I decided to stay with one car who was leaving Monday night instead (class? what class?): Gid, Jake, Ed, and Ed's girlfriend Robyn. We went to bed early so we could get in a full day of climbing.
Monday morning we closed up the cottage and drove to Tremadog, a town on the coast. From the crag you could see almost see Snowdon (tallest mountain in England/Wales), and the sea! Yet another sunny, crystal-clear day--apparently unheard of in Wales.

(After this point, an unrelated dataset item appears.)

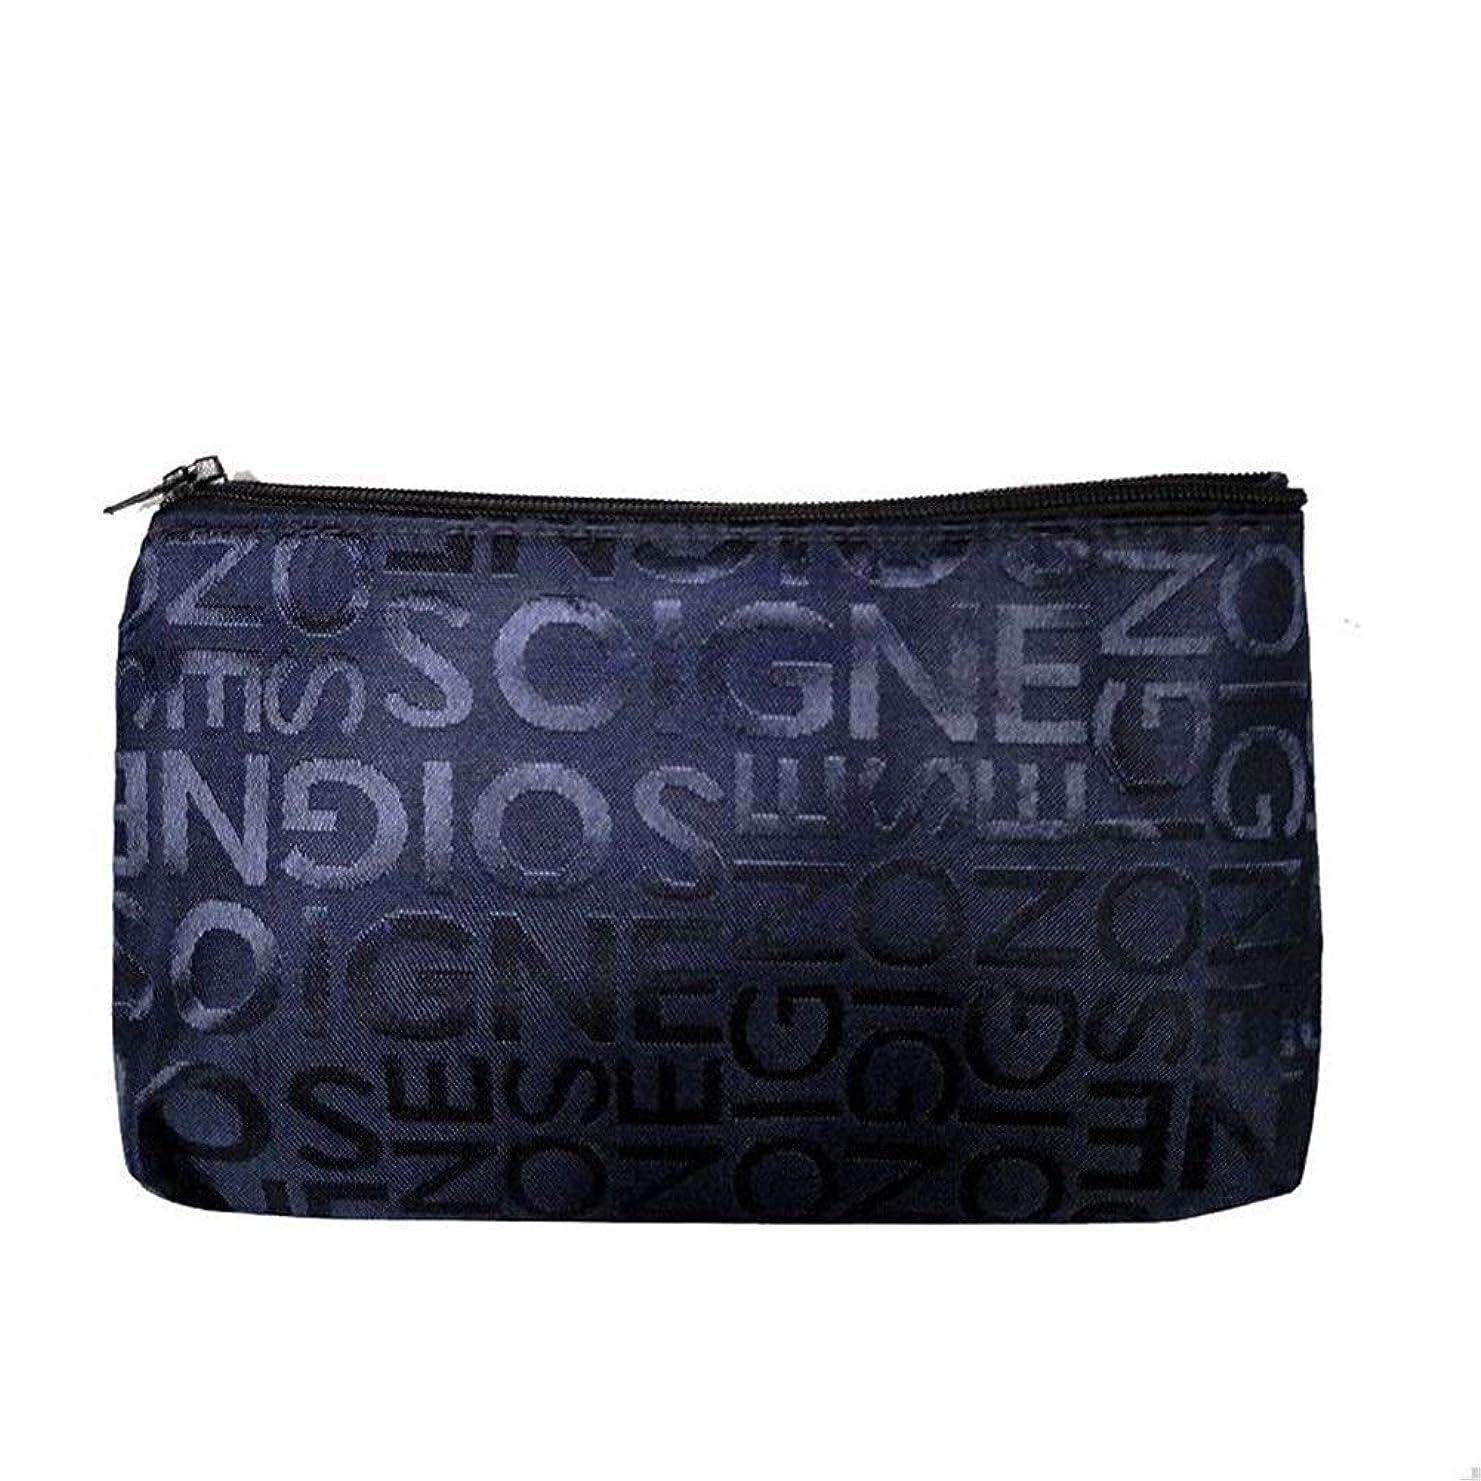 要求著者スマート女性ポータブル多機能美容ジッパー旅行化粧品バッグ by zhuyuanhai (Color : Dark Blue, サイズ : M)
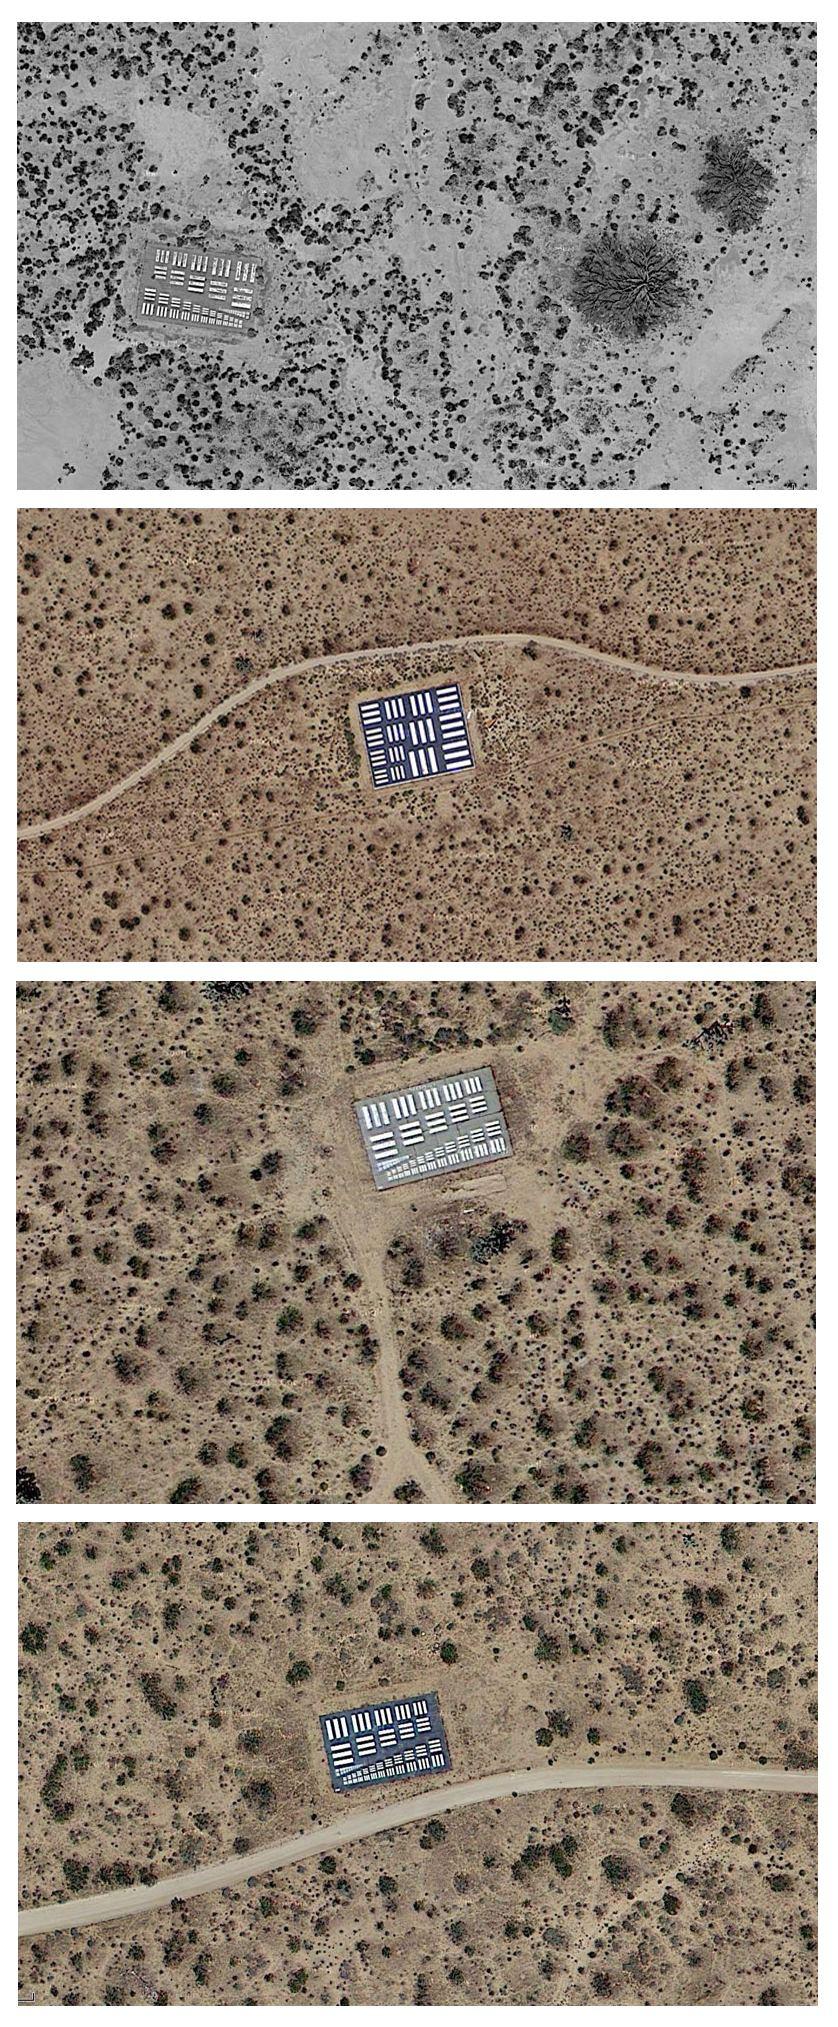 объекты для калибровки камер спутников и самолетов

I climbed second up an HS (whoa! it was a bit harder...) called Christmas Curry. The two-pitch route ended on an arete called Micah Finish--I had climbed up out of the trees, and felt like I was standing in thin air. That's when I decided I was hooked on climbing. At the top, we had to "abseil" (in the US: rappel) down backwards...scary, especially when we dropped over an overhand and I was dangling in mid-air by a 1/2" rope. I also had my first fall, when I slipped off the face trying to get to the Micah arete. Because I was on top-rope, I was able to get right back on the rock.
Me at the top of the first pitch of Christmas Curry, with the route marked in red:

On the way home, we got free KFC when the rest stop was closing, and I left completely psyched about climbing. Last Tuesday I went and bought climbing shoes and a chalk bag (I had borrowed Jake's before), and I've gone to the bouldering room in the Student Union to learn more technique and get stronger. I created a logbook on the UK Climber's website to keep track of my progress. And I can't wait for the next trip, to go sea-cliff climbing in Cornwall!
The trip was awesome, made even better by a group of people who went out of their way to teach me the ropes and push me to really get into climbing. It was also really cool to learn to climb in a place with as much tradition for trad climbing as Snowdownia (I think Tremadog is a world-famous crag).